Task prompt – What is needed is an exact transcription of the listing, with the images removed.

** Dataset extract follows **

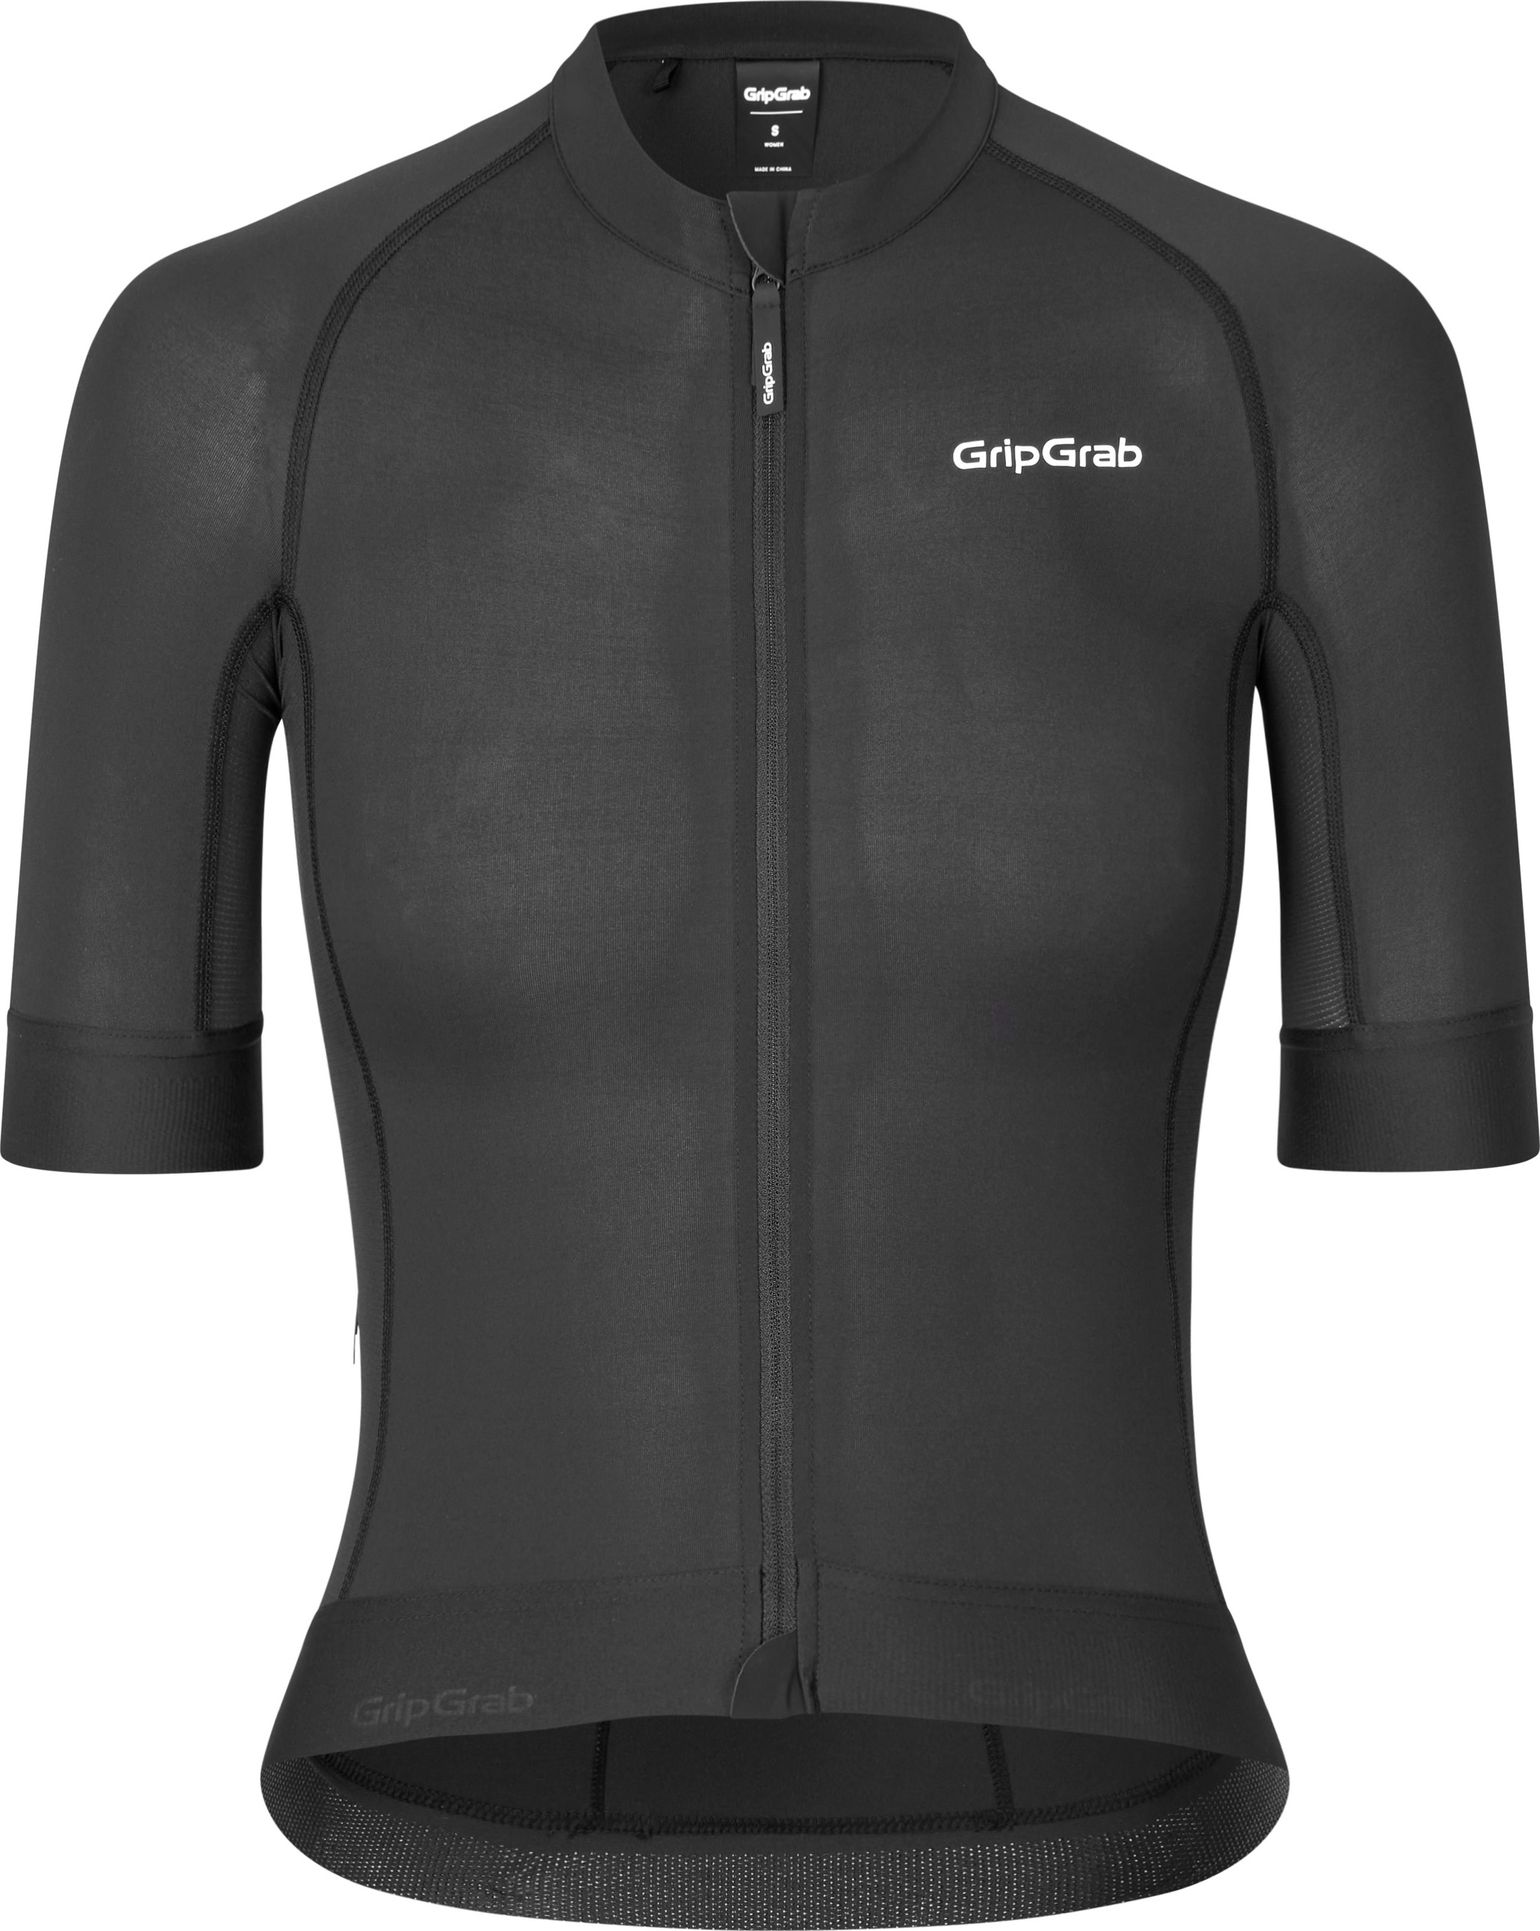 Gripgrab Women's Pace Short Sleeve Jersey Black
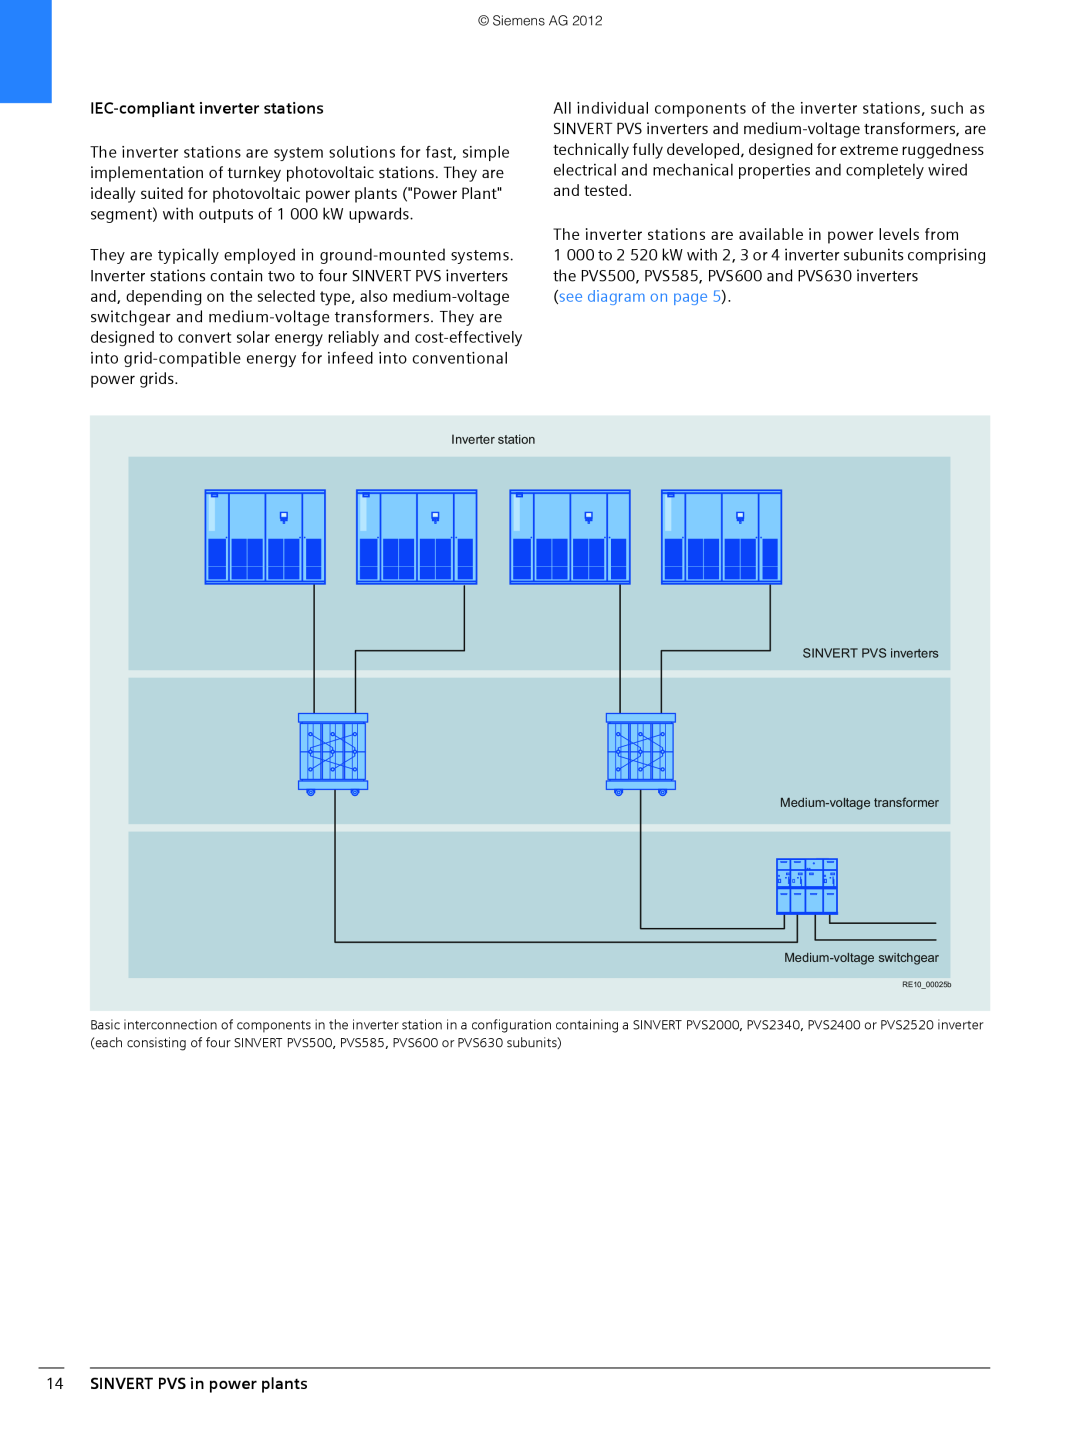 Siemens 600 brochure IEC-compliantinverter stations, see diagram on page, 14SINVERT PVS in power plants 
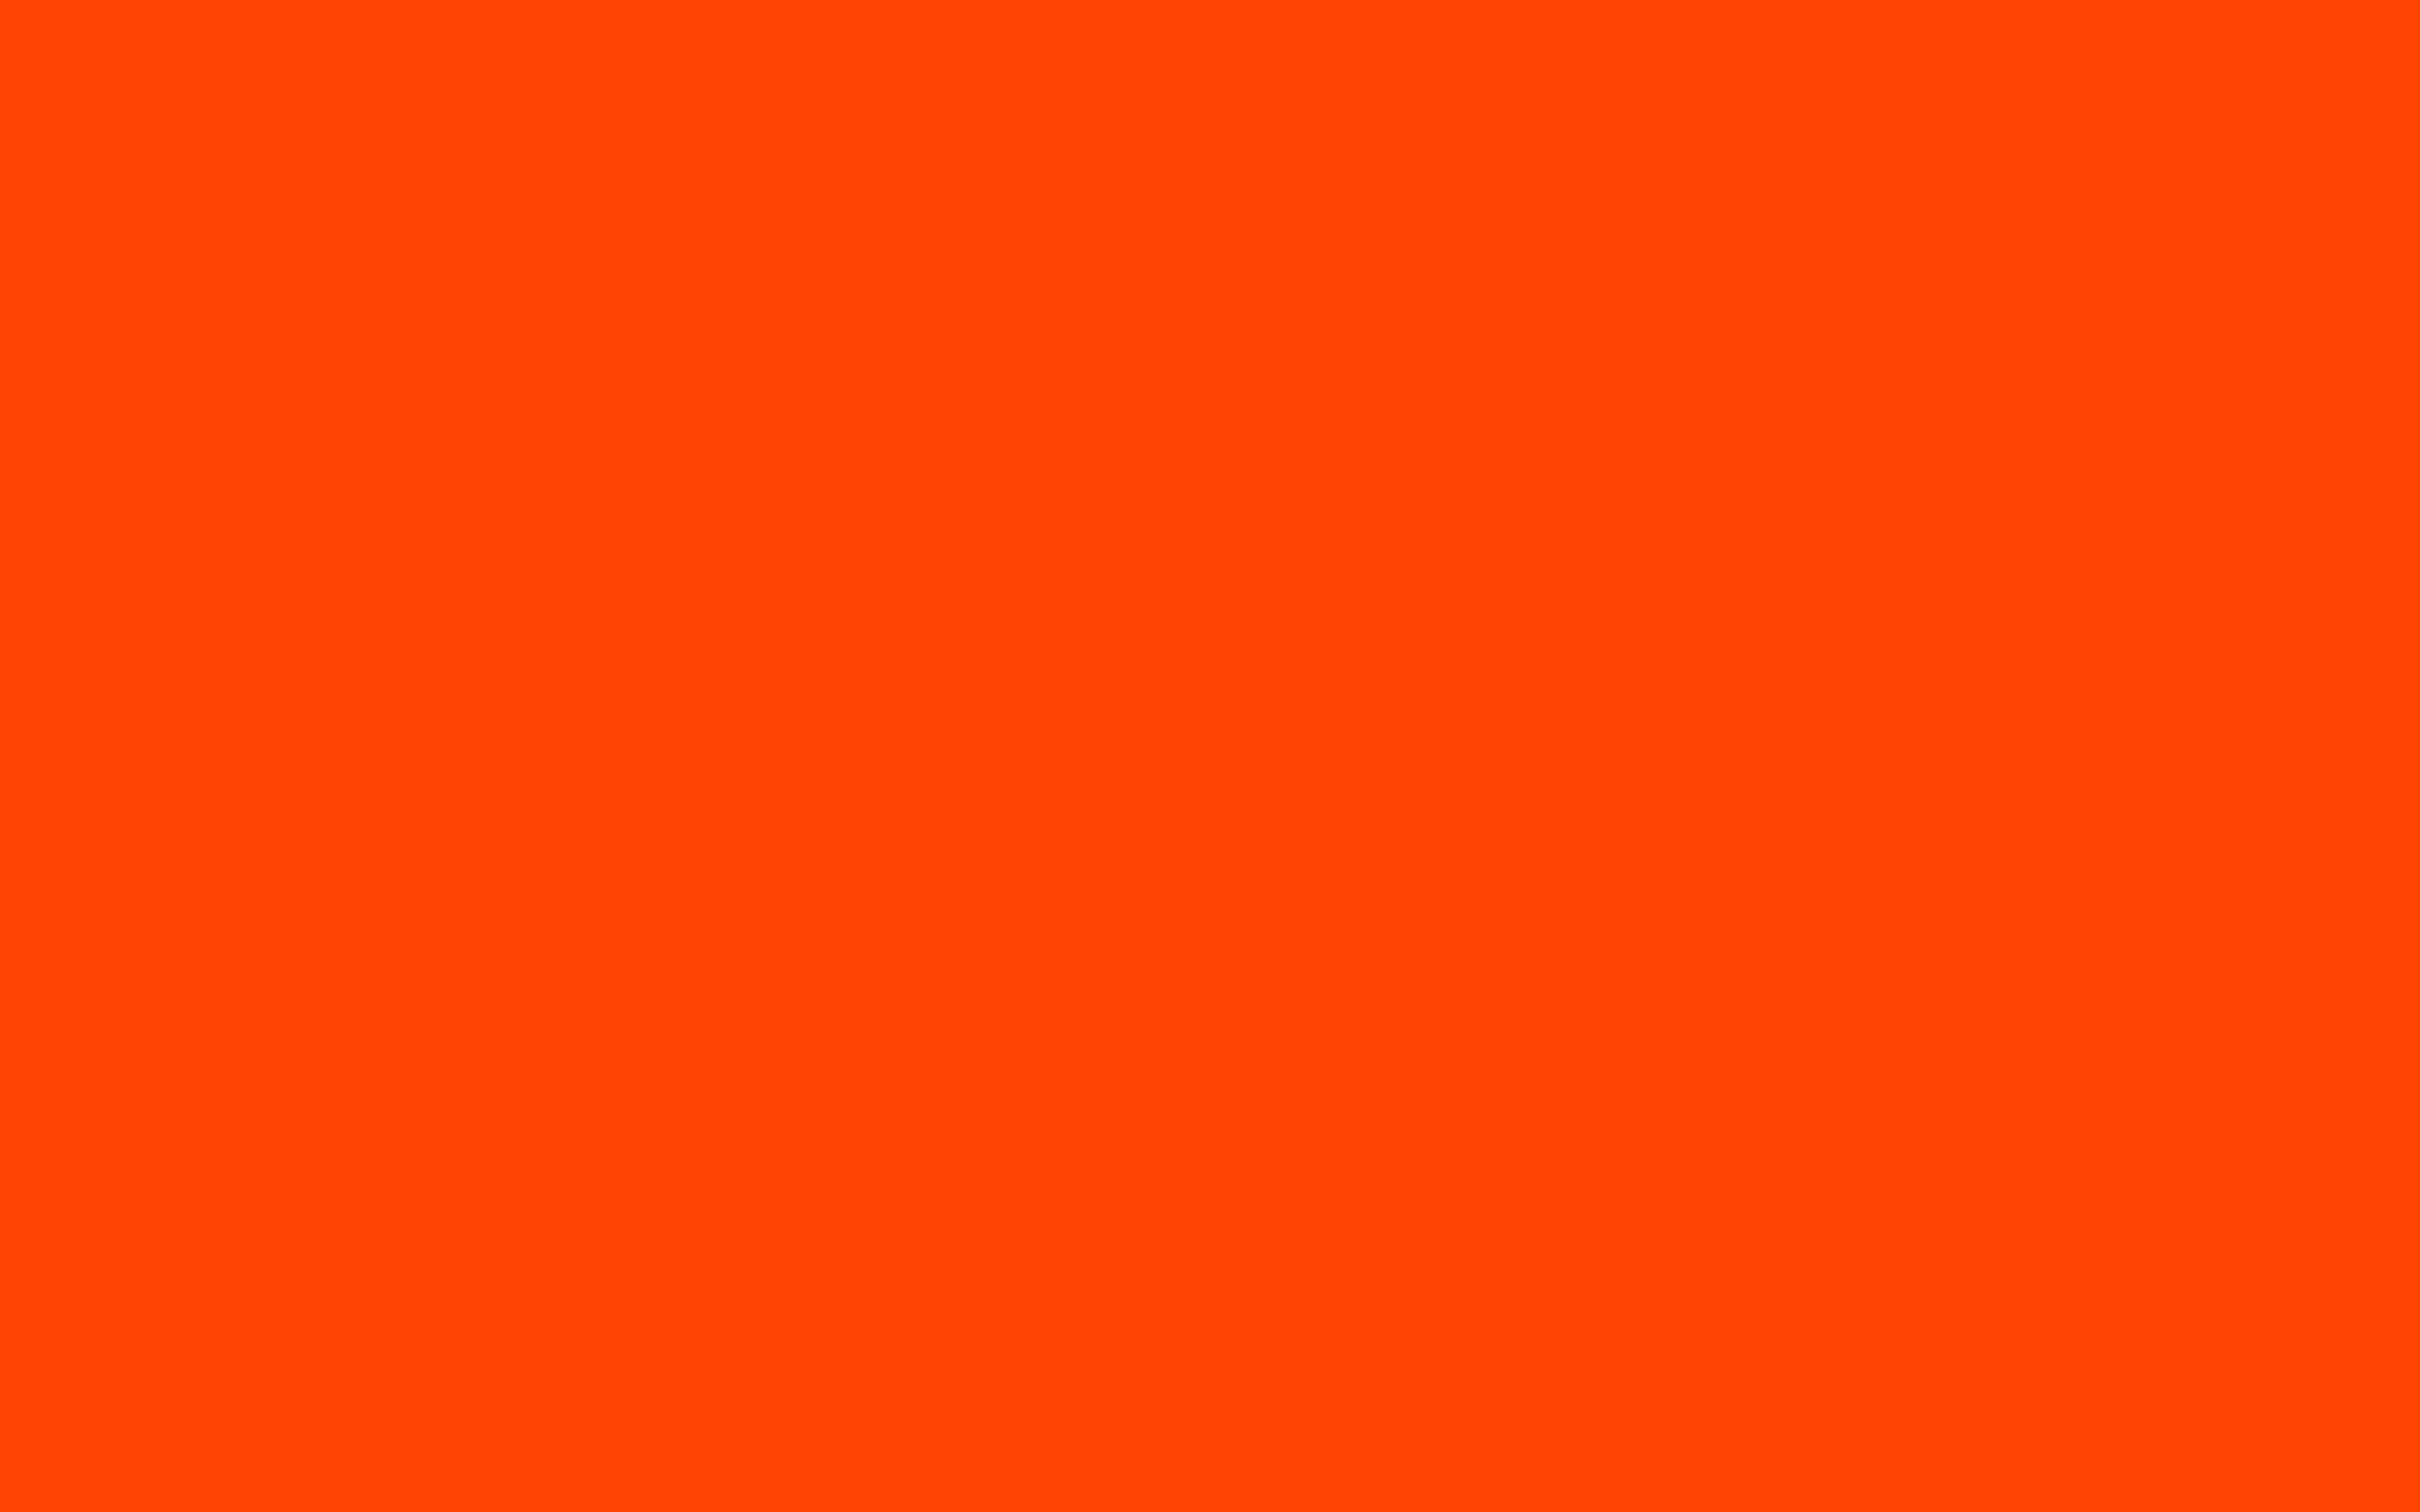 Nice Images Collection: Orange Red Desktop Wallpapers

** End of Dataset extract **

Answer for this exercise –
 Gripgrab Women's Pace Short Sleeve Jersey Black
 Siemens 600 brochure IEC-compliantinverter stations, see diagram on page, 14SINVERT PVS in power plants 
 Nice Images Collection: Orange Red Desktop Wallpapers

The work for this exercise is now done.